1) DB is not for solving such problems.

2) use either ordered lists or hash tables

3) I would use an ordered list or array, and then compare using the pairwise merge method: - both pointers to the first elements

  • we take an element from the first list,
  • compare with the second list item
  • if the values ​​are equal, then the elements are listed in the result list and increase both pointers and to paragraph 1
  • if 1 <2, increase the value of the first list pointer
  • otherwise second

altogether, the algorithms used: 2 * qsort and pairwise merging

if the lists are very large ... (20 million is quite tolerable for memory, but 200 may already be brute force), then they can be broken up into parts and compared first part 1, then part 2.

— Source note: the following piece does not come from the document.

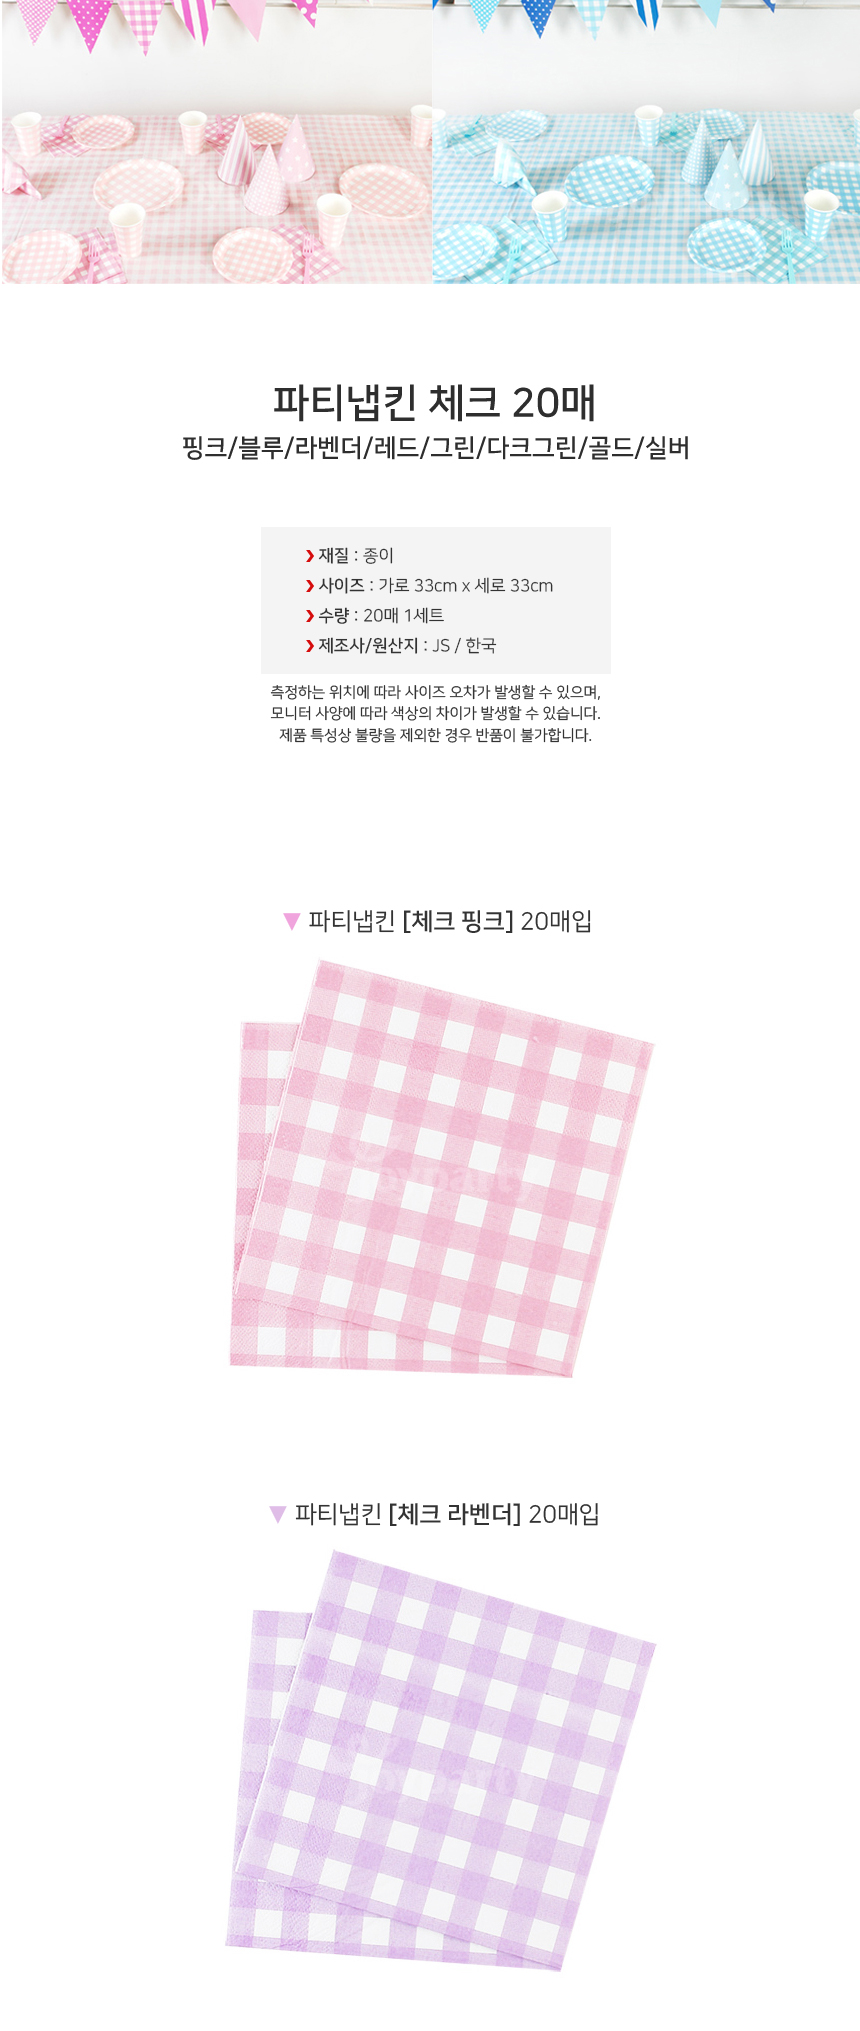 파티냅킨 체크 핑크 20매입 - 파티마트, 3,000원, 파티용품, 식기/테이블/세트

The algorithm is approximately as follows: there are lists 1: A + B + C + D ... and 2: A + B + C + D ... - we compare the list 1А and 2А

  • if the list 1A is over, then compare the end of the list 2A and the list 1B
  • otherwise, the end of the list is 2B with the list of 1A
  • as soon as the list ends with the current one, the next one from this sequence becomes (1 or 2)
  • and so on
  • Thanks for the pairwise matching algorithm. I think that what is needed is paired with compression from the @avp comment. Memory is very small - the project still lives on shared hosting, hence the forced outsourcing to the database server, where there is more memory than scripts. - Sergiks
  • write in C ++ or JAVA, maybe in python it is also possible, but I don’t know exactly how arrays are organized there. it is impossible to write such things on PHP, it will not fit in memory. - akalend
  • @akalend I will try to write a module to nginx, which is already there .. :) - Sergiks
  • and why do you need extra hemorrhoids? write the scgi module on libscgi in the nginx config file with the location / numpers {scgi_pass localhost: 8080; } - akalend 1:53 pm
  • In general, you cannot get rid of the database, because it is necessary to store all these sets for a long time. In compressed binary form, now, probably. I'll try to implement all the same in PHP, or perl, because I do not own C, and Java has only been used in the context of Processing.org yet. - Sergiks

I would start with simple solutions and run-time measurements for different data sets. Can you always store data in a previously prepared form (for example, already in a binary tree or in a sorted array)? Then you can find elements like this:

  // для отсортированным массивов. Сложность О(a.length + b.length) public static List<Int32> GetSameNumber(Int32[] a, Int32[] b) { var i = 0; var j = 0; var ans = new List<Int32>(); while (i < a.Length && j < b.Length) { if (a[i] == b[j]) { ans.Add(a[i]); i++; j++; } else if (a[i] > b[j]) j++; else i++; } return ans; } // для бинарных деревьев. Сложность О(a.length) или О(a.length + b.length)в зависимости от реализации public static List<Int32> GetSameNumber(SortedSet<Int32> a, SortedSet<Int32> b) { var ans = new List<Int32>(); foreach (var i in a) { if (b.Contains(i)) ans.Add(i); } return ans; //var ansset = new SortedSet<Int32>(a); //ansset.IntersectWith(b); //return ansset.ToList(); // или просто return ansset } 

If the data cannot be stored in the required form, then transfer it to it each time it is called. O (nlogn) appears to create a binary tree or sort an array.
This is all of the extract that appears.